The information required on the remainder of this cover page shall not be deemed to be “filed” for the purpose of Section 18 of the Securities Exchange Act of 1934 (“Act”) or otherwise subject to the liabilities of that section of the Act but shall be subject to all other provisions of the Act (however, see the Notes).


CUSIP No.

   Page 2 of 5 Pages

 

  1)  

NAMES OF REPORTING PERSONS I.R.S. IDENTIFICATION NOS. OF ABOVE PERSONS (ENTITIES ONLY)

 

Harlan D Douglass

   
  2)  

CHECK THE APPROPRIATE BOX IF A MEMBER OF A GROUP (See Instructions)

(a)  ¨

(b)  ¨

   
  3)  

SEC USE ONLY

 

   
  4)  

SOURCE OF FUNDS (See Instructions)

 

Personal Funds

   
  5)  

CHECK IF DISCLOSURE OF LEGAL PROCEEDINGS IS REQUIRED PURSUANT TO ITEMS 2(d) or 2(e)

 

¨

   
  6)  

CITIZENSHIP OR PLACE OF ORGANIZATION

 

U.S.A.

   

NUMBER OF  

SHARES  

BENEFICIALLY  

OWNED BY  

EACH  

REPORTING  

PERSON  

WITH  

 

  7)    SOLE VOTING POWER

 

       0

 

  8)    SHARED VOTING POWER

 

       239,736

 

  9)    SOLE DISPOSITIVE POWER

 

       0

 

10)    SHARED DISPOSITIVE POWER

 

       239,736

11)  

AGGREGATE AMOUNT BENEFICIALLY OWNED BY EACH REPORTING PERSON

 

239,736

   
12)  

CHECK IF THE AGGREGATE AMOUNT IN ROW (11) EXCLUDES CERTAIN SHARES (See Instructions)

 

¨

   
13)  

PERCENT OF CLASS REPRESENTED BY AMOUNT IN ROW (11)

 

10.13%

   
14)  

TYPE OF REPORTING PERSON (See Instructions)

 

IN

   

 


   Page 3 of 5 Pages

 

Item 1. Security and Issuer.

This Schedule 13D relates to the Common Stock of Northwest Bancorporation, Inc, 421 West Riverside, Suite 113, Spokane, WA 99201.

 

Item 2. Identity and Background.

 

(A) Harlan D. Douglass

 

(B) 815 E. Rosewood, Spokane, WA 99208

 

(C) Mr. Douglass is a private business owner and investor

 

(D) Mr. Douglass has not been convicted in a criminal proceeding.

 

(E) During the last 5 years Mr. Douglass has not been a party to a civil proceeding of a judicial or administrative body of competent jurisdiction that resulted in him being subject to a judgment, decree or final order enjoining future violations of or prohibiting or mandating activities subject to federal or state securities laws or finding any violation with respect to such laws.

 

(F) Mr. Douglass is a citizen of the U.S.A.

 

Item 3. Source and Amount of Funds or Other Consideration.

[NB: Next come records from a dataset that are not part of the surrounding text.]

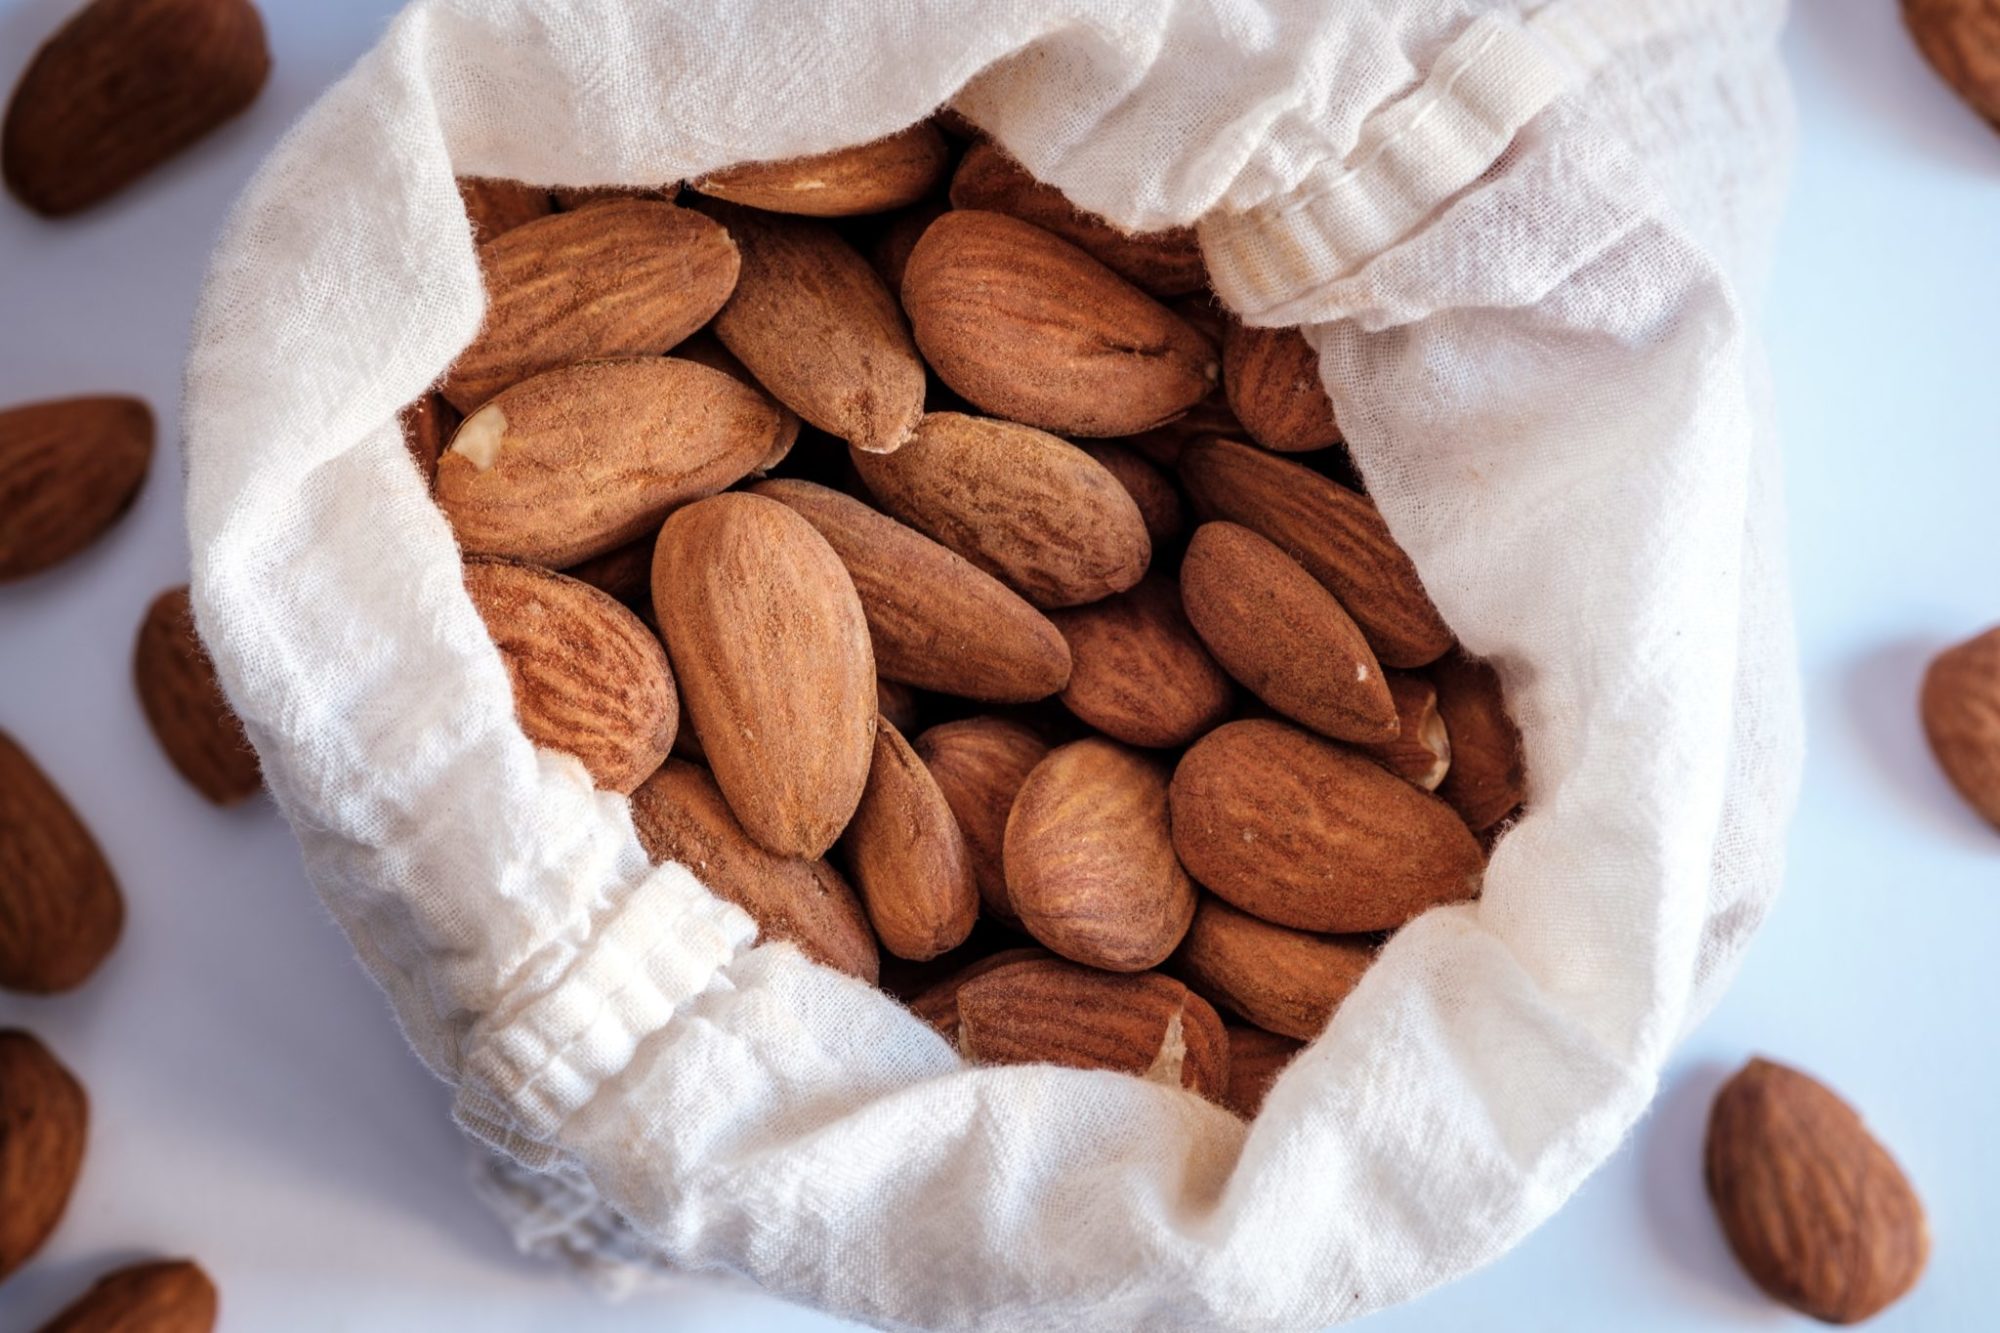 Raw almonds in a white bag
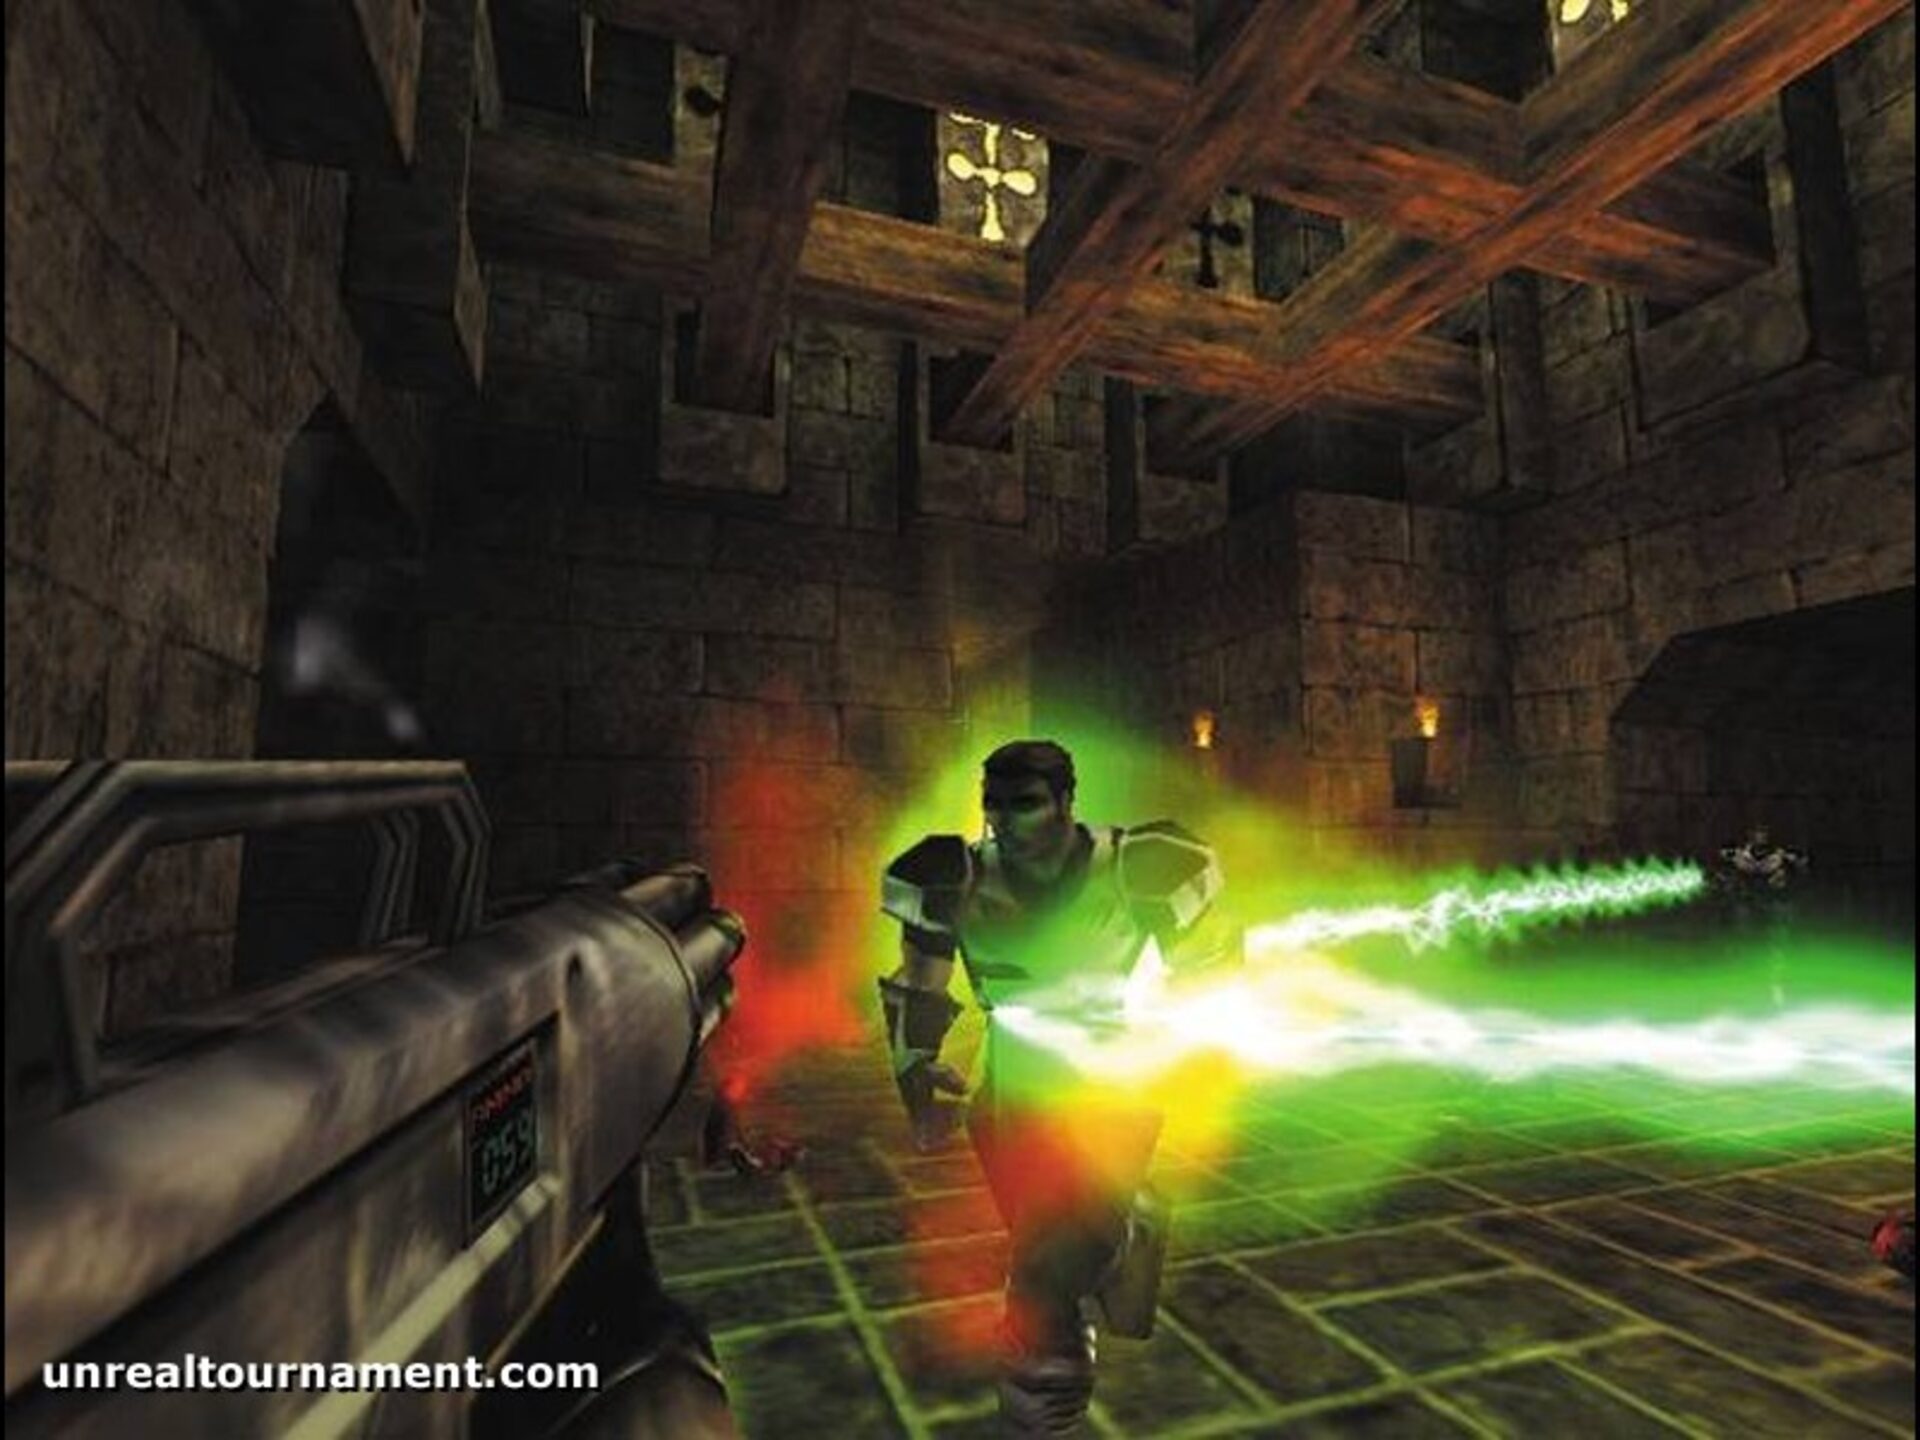 Unreal tournament 2004 on steam фото 63
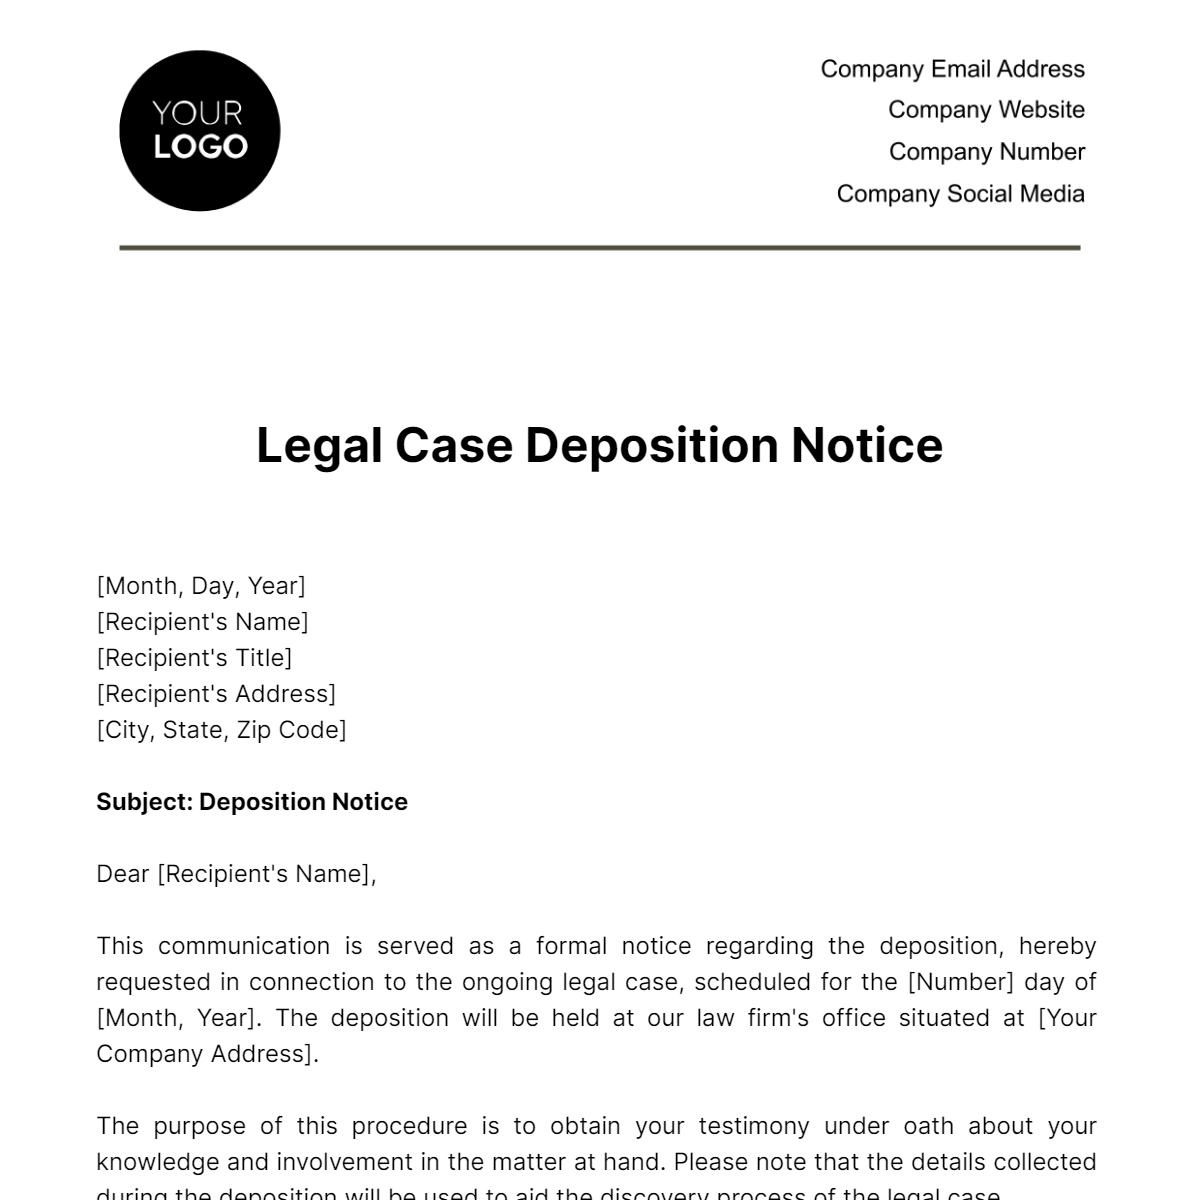 Free Legal Case Deposition Notice Template

Through the use of personal funds the shares of Common Stock were purchased for a purchase price of $30,750.

 

Item 4. Purpose of the Transaction.

Mr. Douglass purchased the shares of Common Stock for investment purposes.

 

Item 5. Interest in Securities of the Issuer.

 

(A) According to the issuer, Northwest Bancorporation, Inc, the total outstanding shares of Common Stock as of December 31, 2008 was 2,367,246. As of the date of this filing Mr. Douglass is the beneficial owner of 239,736 shares of Common Stock, which represents approximately 10.1% of the shares of Common Stock outstanding.

 

(B) Mr. Douglass shares the power to vote or direct the vote and shared power to dispose or to direct the disposition of the Common Stock with Mrs. Maxine Douglass, Spouse.

 

(C) In the past year Mr. Douglass has purchased 5,000 shares at a cost of $6.15 per share.

 

Item 6. Contracts, Arrangements, Understandings or Relationships with Respect to Securities of the Issuer.

Mr. Douglass is a Director of Northwest Bancorporation, Inc.


   Page 4 of 5 Pages

 

Item 7. Material to Be Filed as Exhibits

Not applicable


   Page 5 of 5 Pages

 

SIGNATURE

After reasonable inquiry and to the best of my knowledge and belief, I certify that the information set forth in this statement is true, complete and correct.